Not normally, though rarely men do get breast cancer. Normal male breasts are mostly fatty. Sometimes men’s breasts do become enlarged and develop glandular tissue due to a condition called gynecomastia. This enlargement, due to a hormonal imbalance, normally affects one breast more than the other. If a mammogram is performed, it is usually easy to distinguish gynecomastia from breast cancer.
8. Is breast density inherited?
Breast density is at least partially inherited, though it is complex to predict. If a patient’s mother had dense breast tissue, it is more likely the patient will too.
9. Does the increase in density due to breastfeeding affect the ability of screening tests, like a mammogram, to find breast cancer?
Yes. Changes in the breast during breastfeeding do reduce the accuracy of screening tests (like mammography or MRI). Unless the patient plans to be breastfeeding for more than one to two years and is at high risk, it is generally recommended to wait at least a few months after breastfeeding stops before resuming breast screening. Ultrasound is usually performed first if a patient is breastfeeding and there is a concern about breast symptoms. If a breastfeeding woman needs to undergo breast imaging, it is advisable to nurse or pump immediately before the exam.
10. Do Black women have denser breasts?
There have been conflicting studies on whether Black women have denser breasts than women of other races. One study [1] indicated they do not, while a more recent study [2] indicated they do.
References Cited
1. del Carmen MG, Halpern EF, Kopans DB, et al. Mammographic breast density and race. AJR Am J Roentgenol 2007; 188:1147-1150
2. McCarthy AM, Keller BM, Pantalone LM, et al. Racial differences in quantitative measures of area and volumetric breast density. J Natl Cancer Inst 2016; 108
11. Are there any special considerations for screening of Black or Hispanic women?

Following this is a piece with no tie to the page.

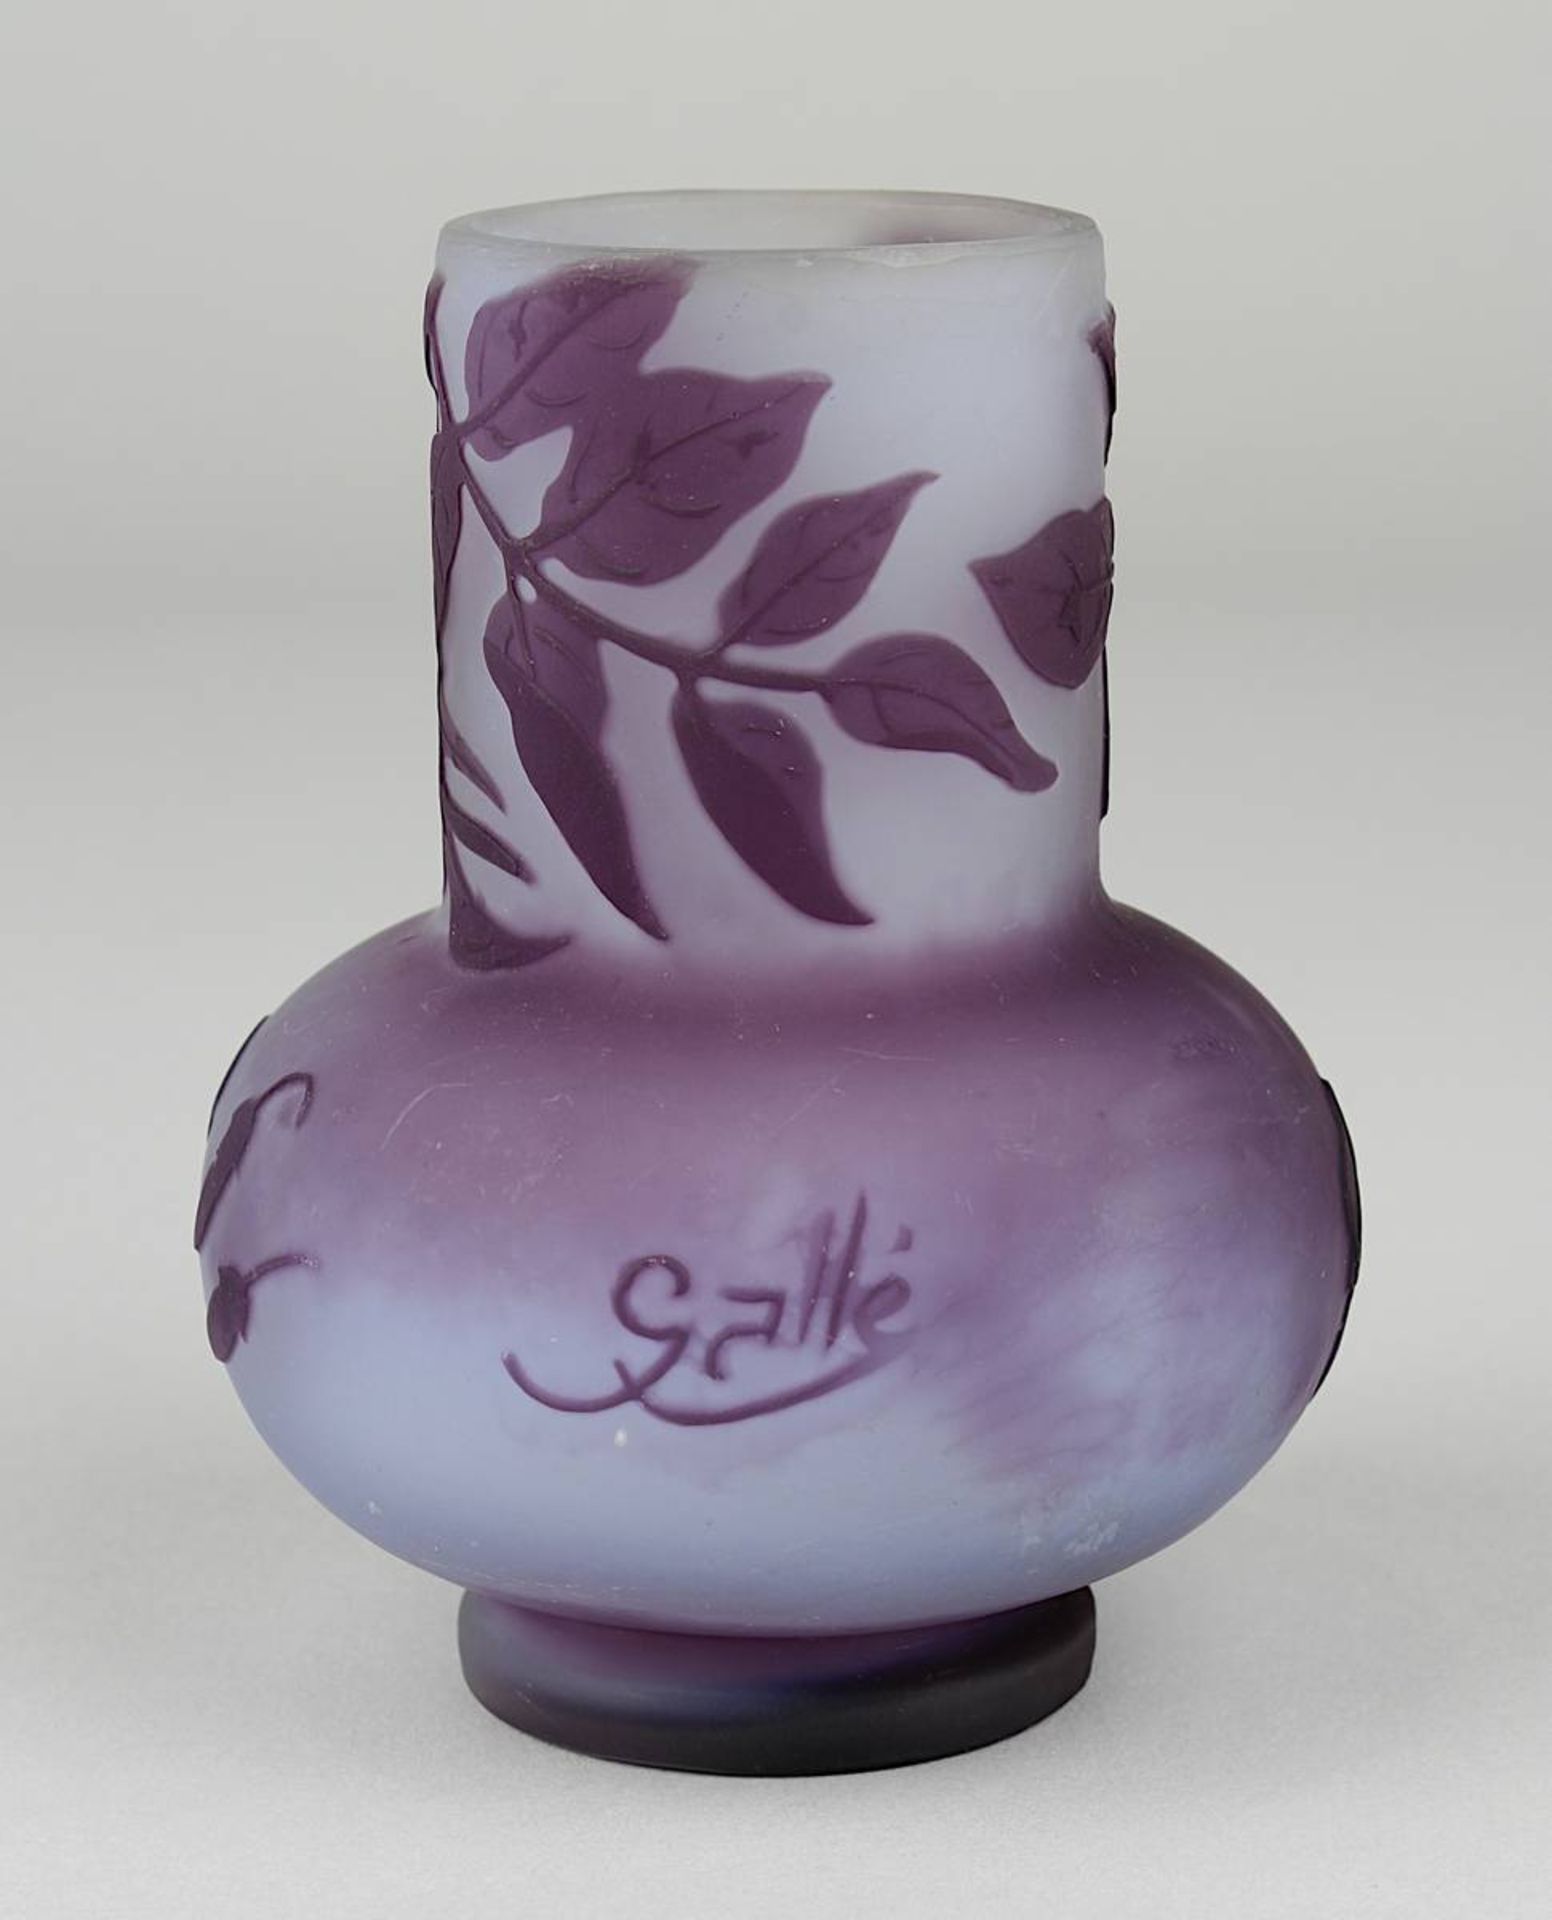 Gallé Miniatur-Jugendstil-Vase mit Dekor von Glycinien, Nancy um 1920, matt geätzter Klarglaskorpus, - Image 3 of 4

Black women are more likely to have disease-causing mutations in BRCA. The American College of Radiology recommends Black women be evaluated in a high-risk program by age 30, even in the absence of family history [1]. Further, it is more important for Black women and Hispanic women to start screening at least by age 40 as peak breast cancer incidence occurs in the mid 40s, compared to peak in the early 50s for Caucasian women [2].
References Cited
1. Monticciolo DL, Newell MS, Moy L, Niell B, Monsees B, Sickles EA. Breast cancer screening in women at higher-than-average risk: Recommendations from the ACR. J Am Coll Radiol 2018; 15:408-414
2. Stapleton SM, Oseni TO, Bababekov YJ, Hung YC, Chang DC. Race/ethnicity and age distribution of breast cancer diagnosis in the United States. JAMA Surg 2018; 153:594-595
12. Do Asian women have denser breasts?
Generally, Asian women do have denser breasts than women of other races.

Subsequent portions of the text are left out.